EKONOMİ haberlerini takip ediyorum.
Hiç iç açıcı değil!
Son yılda büyüme hedeflenen ekonomimiz yüzde 1.5 küçülmüş.
Bu ne demek?
Daha az kazanç…
Daha çok işsizlik…
Ceplere daha az para…
Netice?
Artık orta direk bile olamayan gariban halkıma daha çok fakirlik…
Şimdi siz bir yönetici olsanız buna sevinir misiniz, üzülür müsünüz?
Halkınızın yanında ve destekçisi mi olursunuz, köstekçisi mi?
Bakın mesela Ankara Büyükşehir Belediye Başkanı Mansur Yavaş miting yapan EYT’lilere ne söz vermiş: “Yılsonuna kadar şayet sorununuz çözülmezse Ankara’da yaşayan EYT’lilerin SGK primlerini biz ödeyeceğiz.”
Neden Ankaralıların?
Ee, adam Ankara Büyükşehir Belediye Başkanı da ondan.
Zaten kıt kanaat geçinen emeklilerin bu primlere ayıracak parası olmadığının bilincinde olarak yeni bir yükle ezilmelerine izin vermek istememiş.
Belediyesinde her şey dört dörtlük mü Yavaş’ın?
Değil elbette!
Milyonlarca lira borcu var.
Yıllardır kötü yönetilen ve borca batırılan bir belediye devir almış.
Ağlamıyor ama!
Sızlanmıyor!
İş başına geldiği günden beri tasarruf edip ayakta durmanın yollarını arayıp, hizmet üretmeye halkının yanında olmaya çalışıyor.
Bir de bizimkine bakın!
İlkadım Belediye Başkanı Necaattin Demirtaş’a...

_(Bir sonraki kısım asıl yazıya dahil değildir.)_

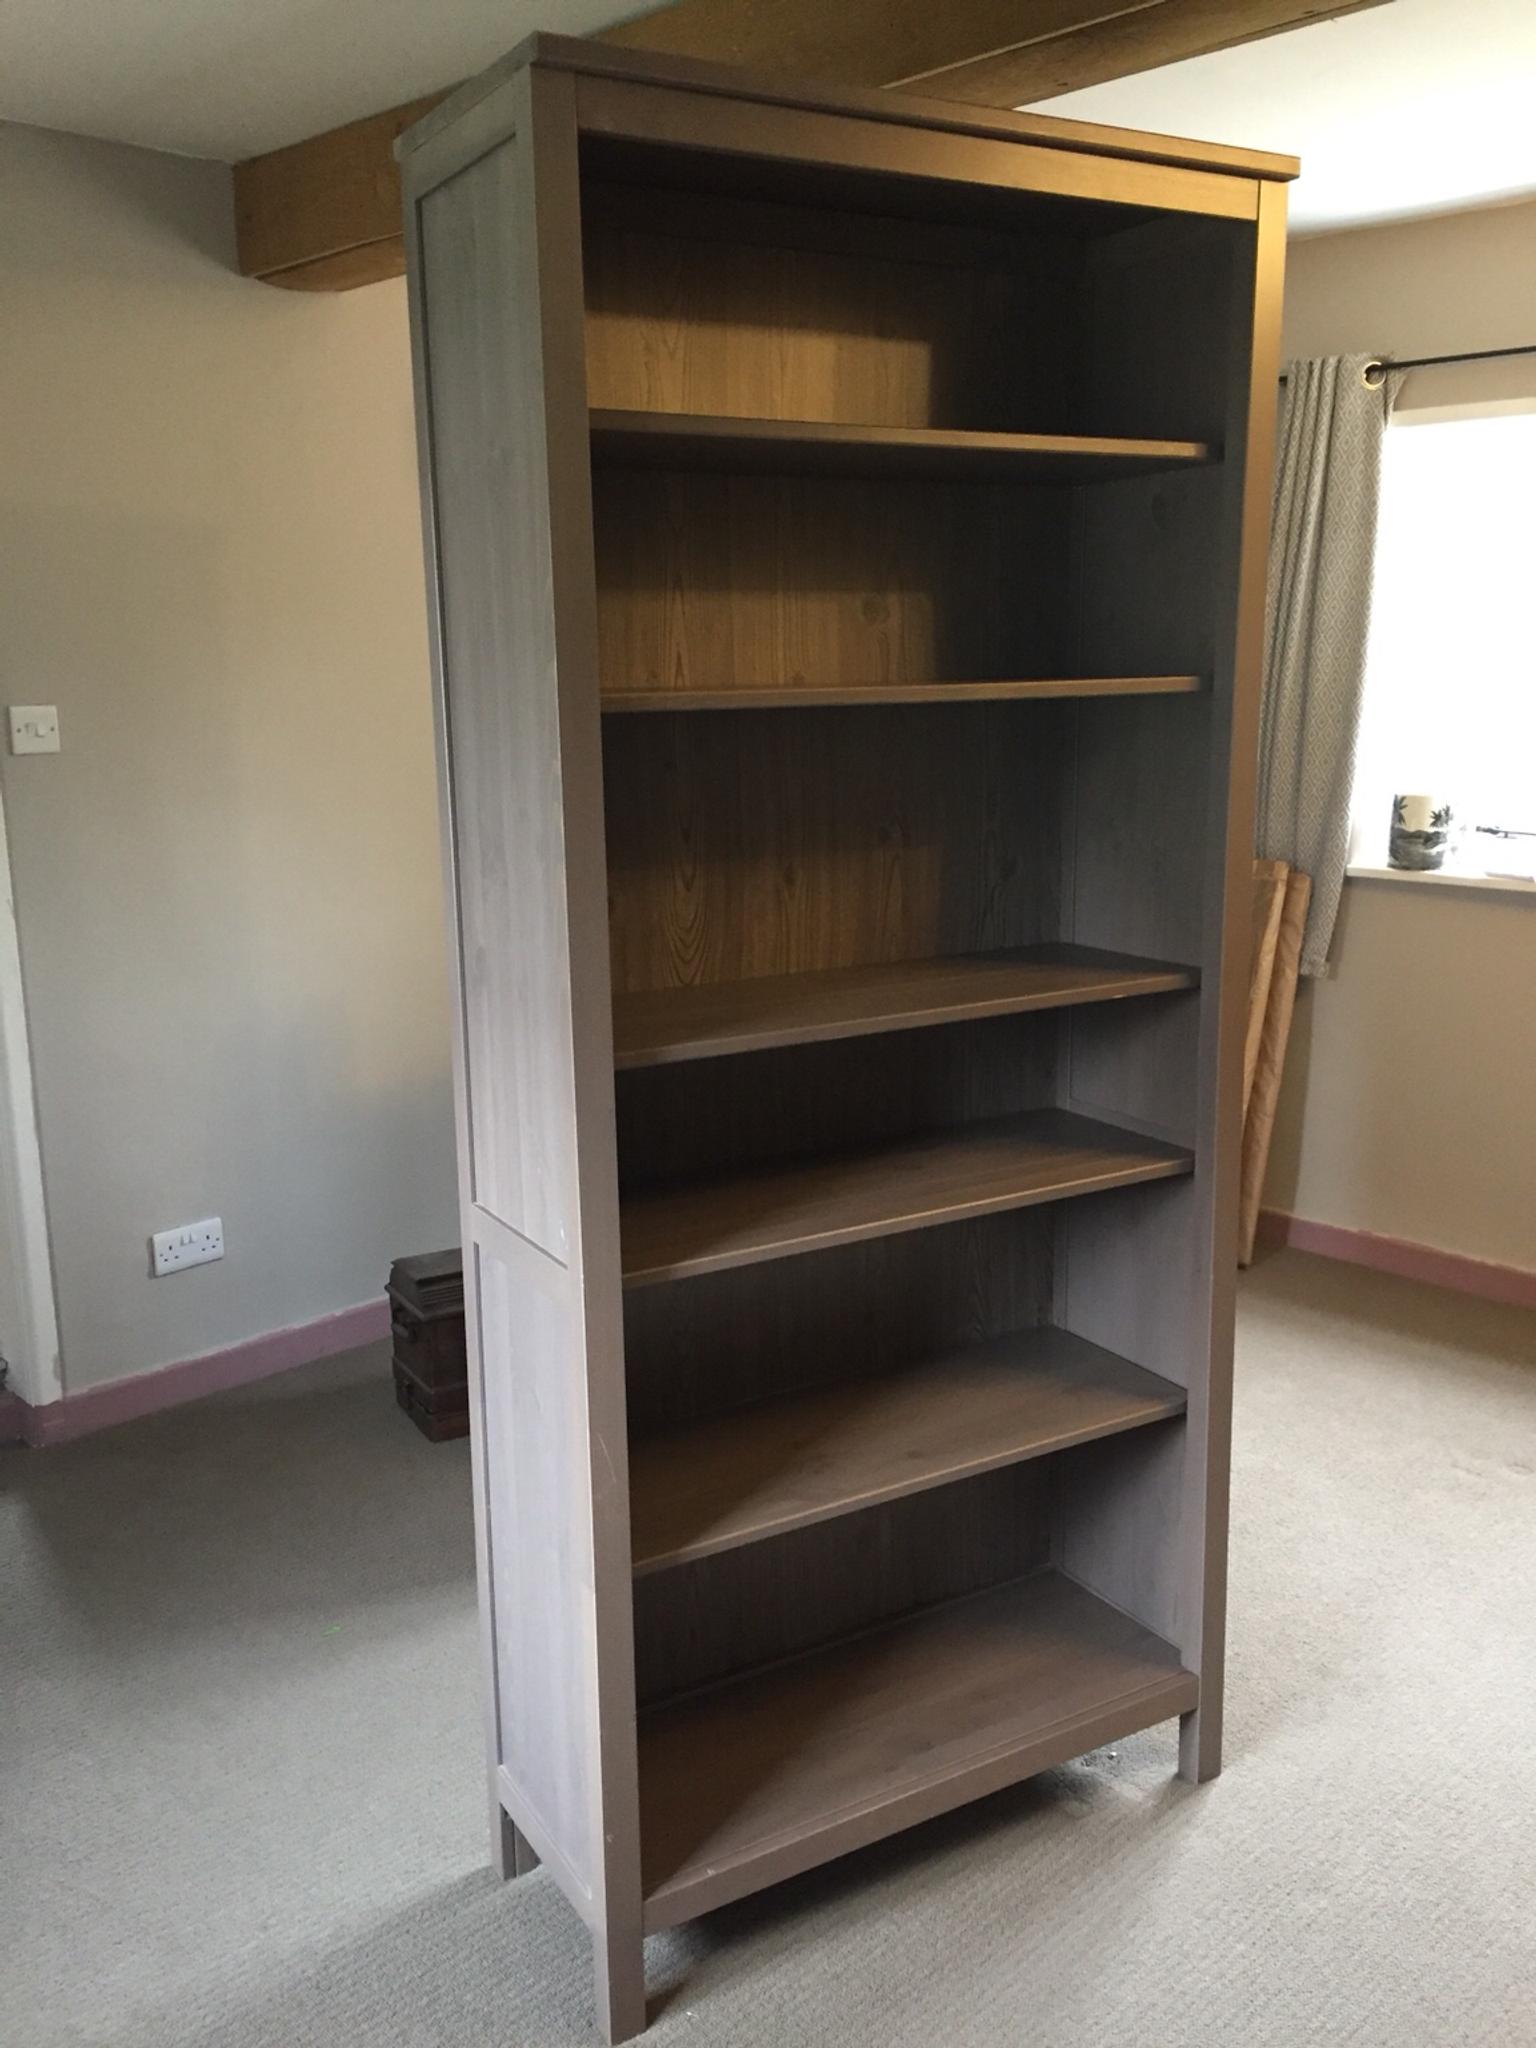 Ikea Hemnes Bookcase In Ox14 Oxfordshire For 30 00 For Sale Shpock

Cennet bahçeleri teslim aldı demiyorum.
Kasası ağzına kadar dolu bir belediye de…
Ama talip olurken ne ile karşılaşacağını biliyordu.
Sıkışınca “Halk adamıyım” der Sayın Demirtaş.

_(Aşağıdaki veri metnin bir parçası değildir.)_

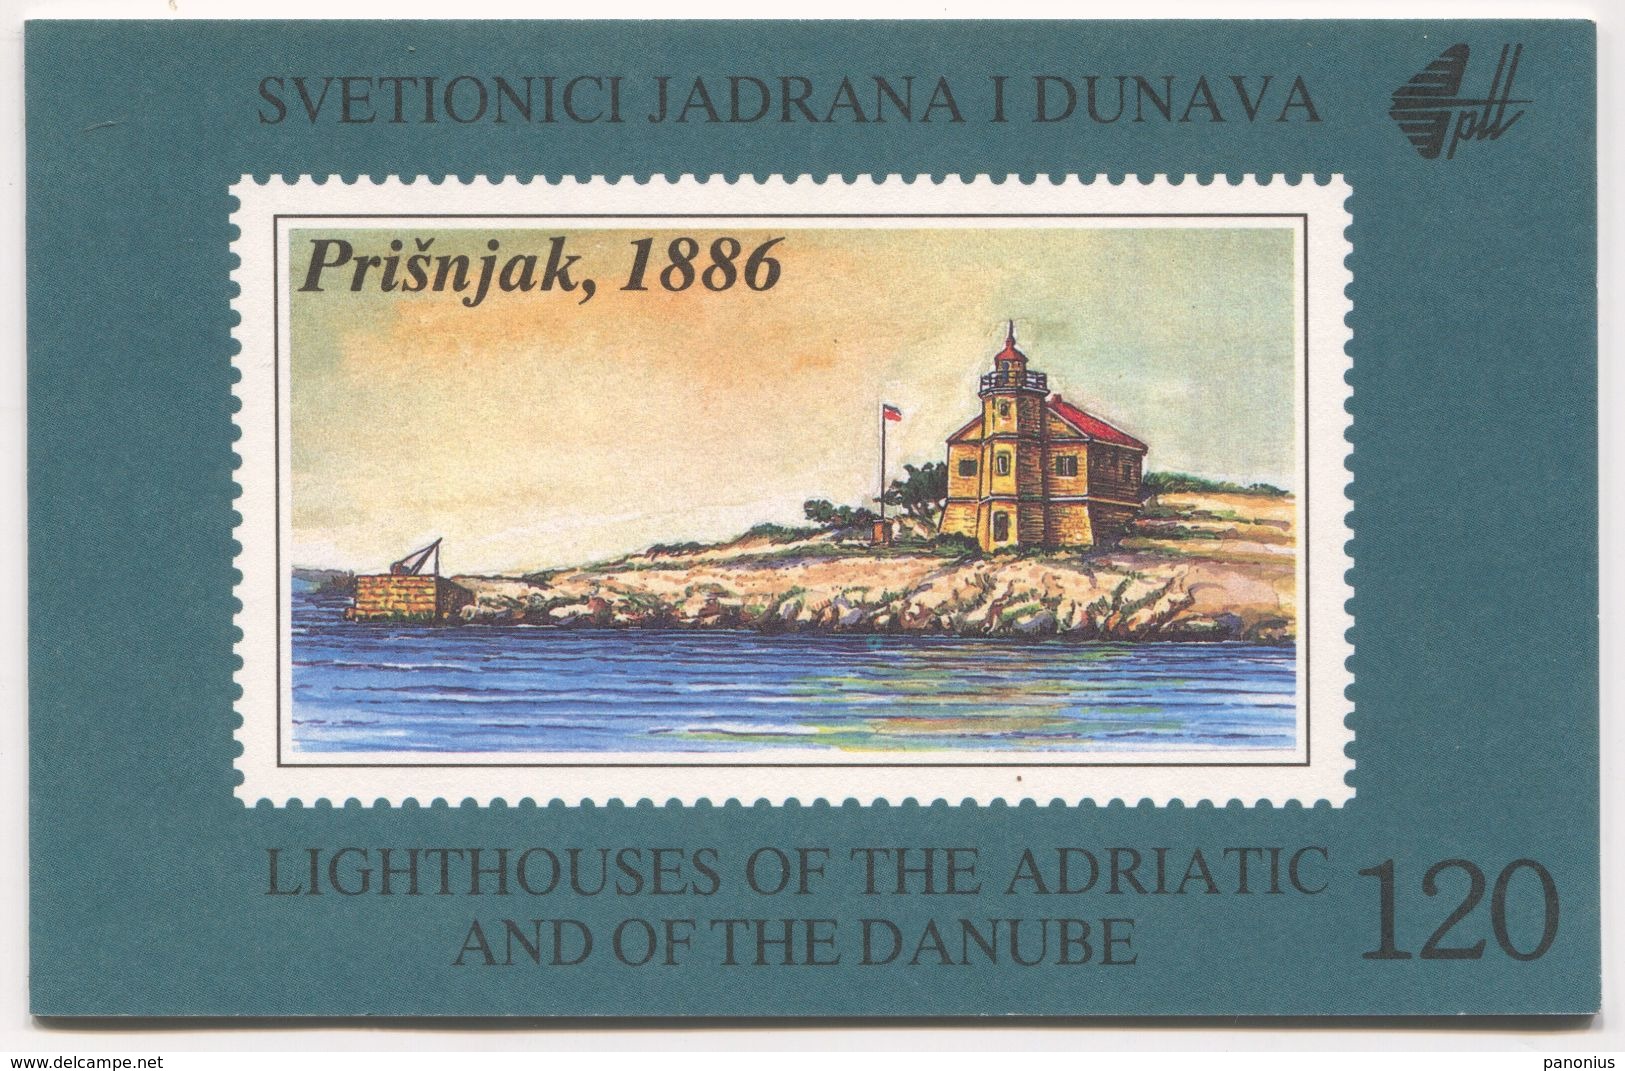 LIGHTHOUSES OF THE ADRIATIC SEA & THE DANUBE, BOOKLET YUGOSLAVIA - Carnets

Ama ilk yaptığı şey 20 yıl öncesinden halkın delik cebine el atmak.
20 yıl hesabı sorulması akla gelmemiş çevre temizlik vergileri için halka icra göndermek.
Belediyeye gelir temin etmek için bu da bir yöntem, bu da bir çözümdür sevgili başkan.
Ama aklına ilk gelen çözüm;
“Abalıya vurmak, halkın boş cebine el atmak” olan birine,
“Halk Adamı” demek, bundan böyle kimsenin aklına gelmez, bilesin!